▶ **What you need to do**
In the records below, the line with "Participants to go" and every line after it must be written out exactly; no pictures belong in the result.

-- Data provided follows --

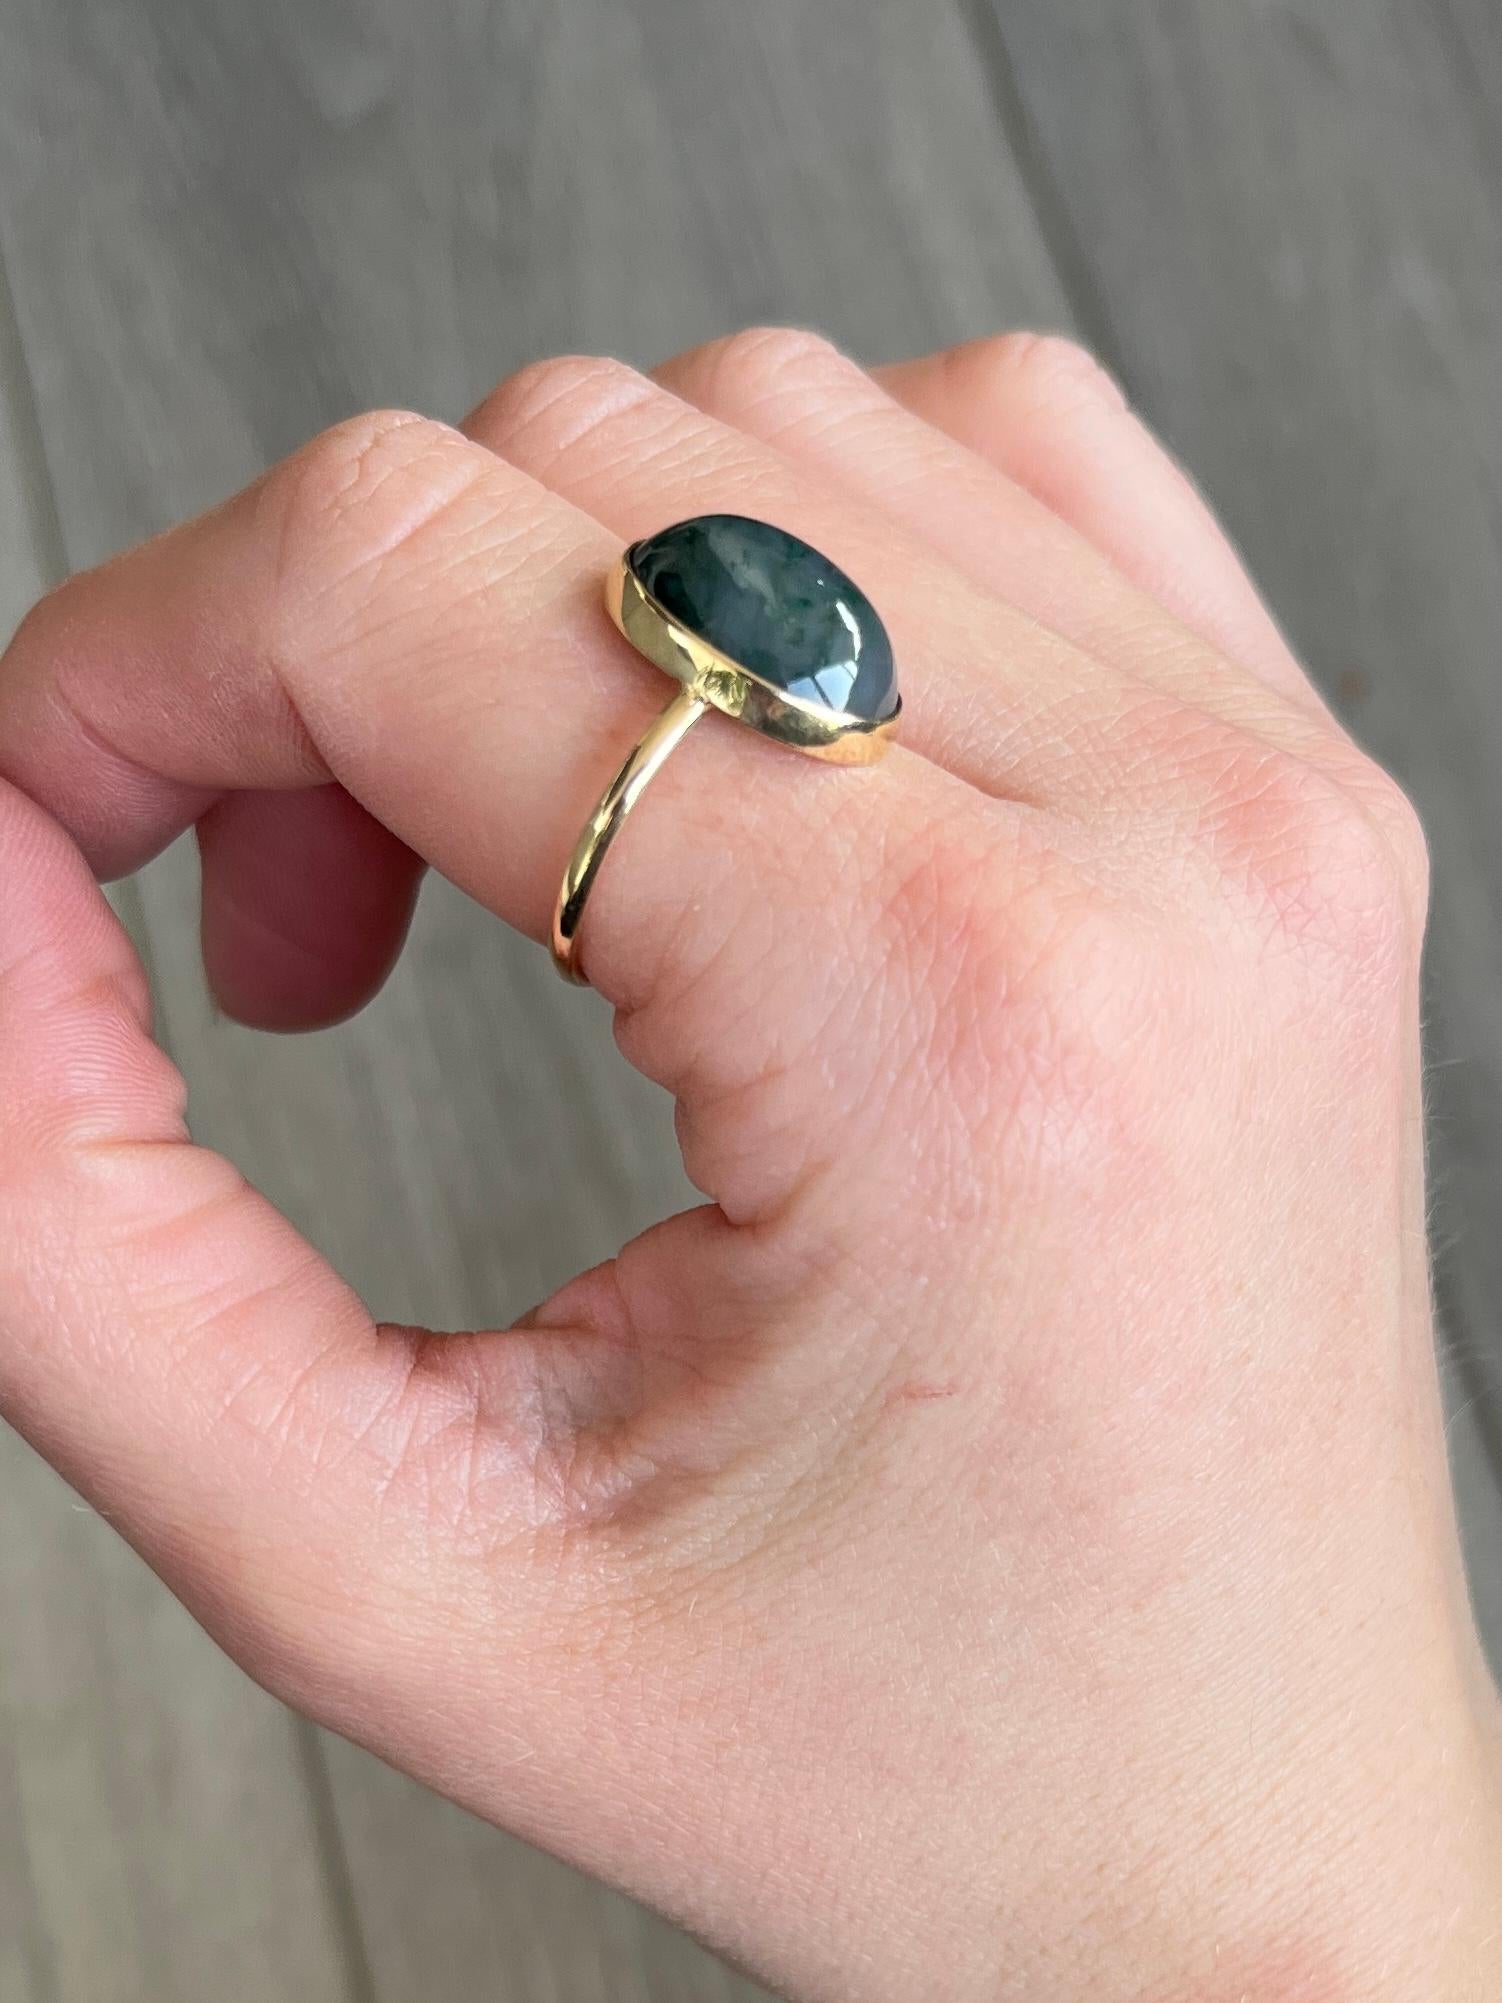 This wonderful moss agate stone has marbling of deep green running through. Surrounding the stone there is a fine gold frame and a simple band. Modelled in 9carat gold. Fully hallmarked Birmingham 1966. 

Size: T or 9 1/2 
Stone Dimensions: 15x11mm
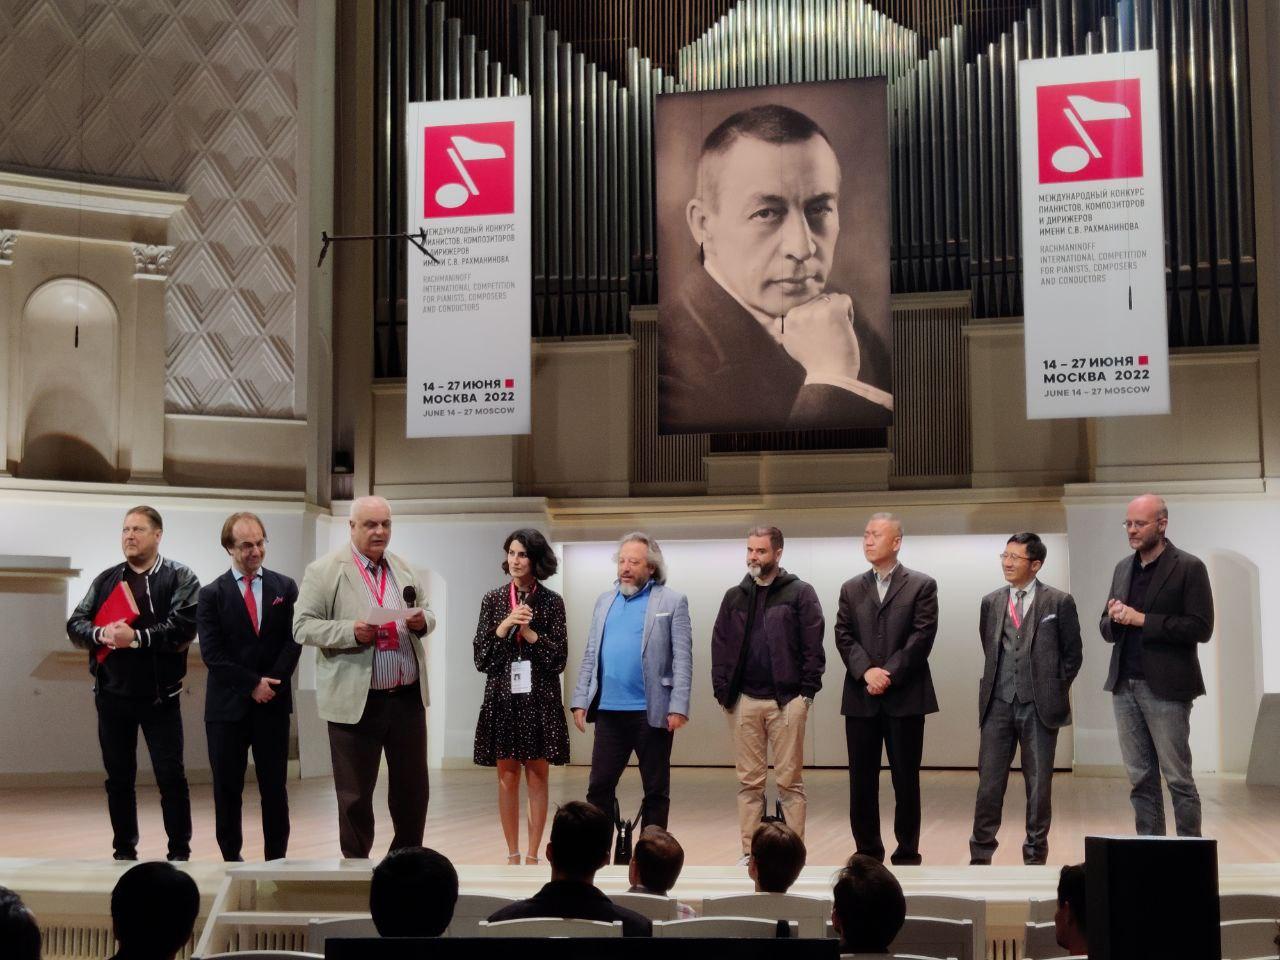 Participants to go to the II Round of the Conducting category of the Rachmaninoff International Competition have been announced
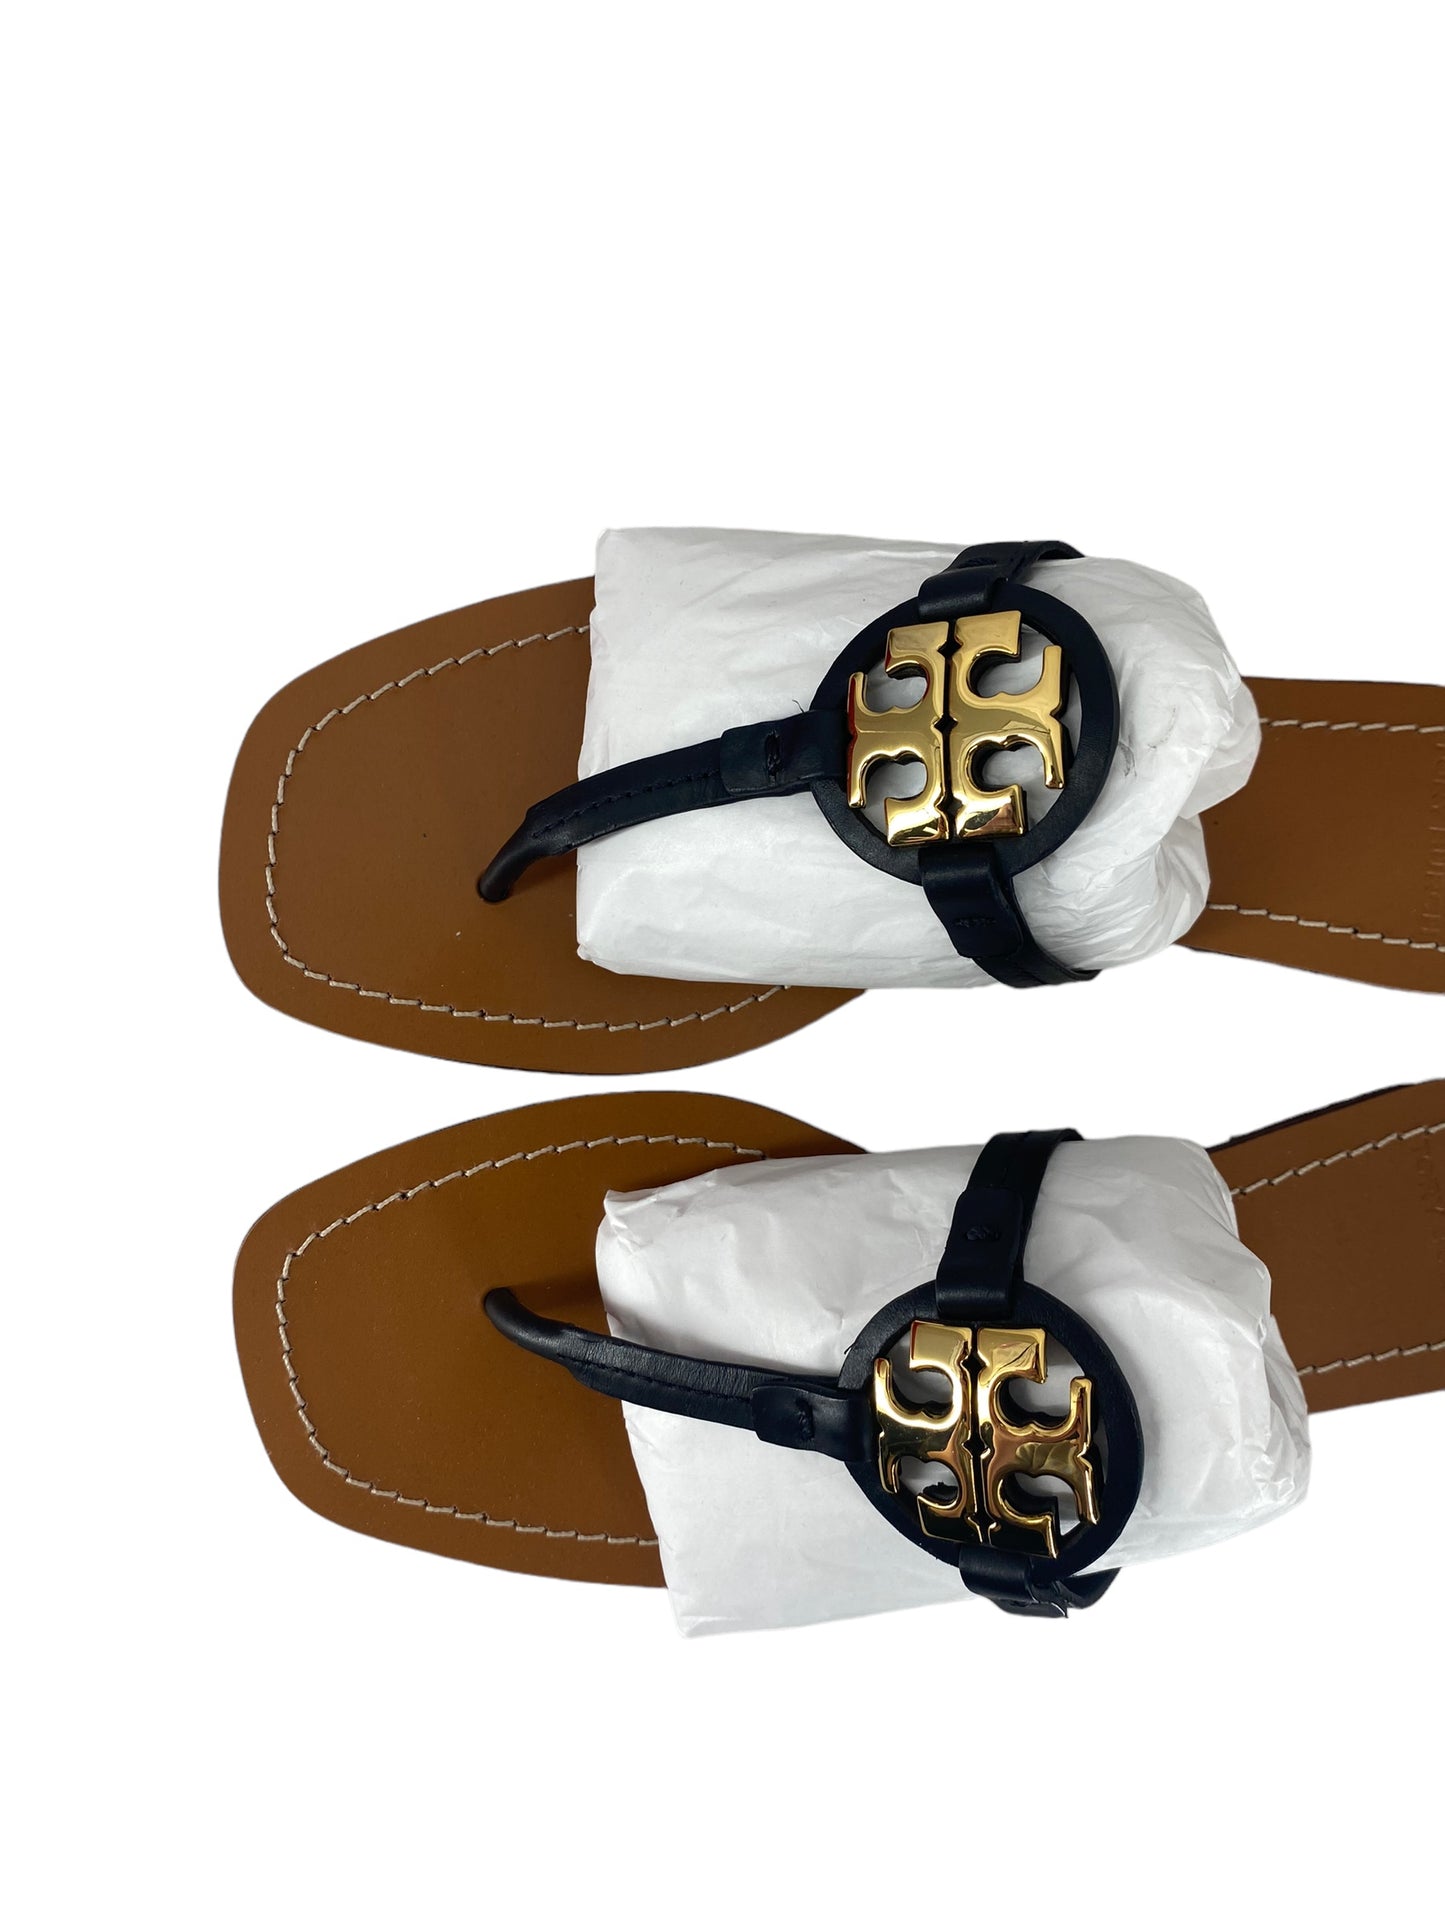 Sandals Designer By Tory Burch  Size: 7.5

-- Data provided concluded --

▶ **Output of the exercise**
 Participants to go to the II Round of the Conducting category of the Rachmaninoff International Competition have been announced
 Sandals Designer By Tory Burch  Size: 7.5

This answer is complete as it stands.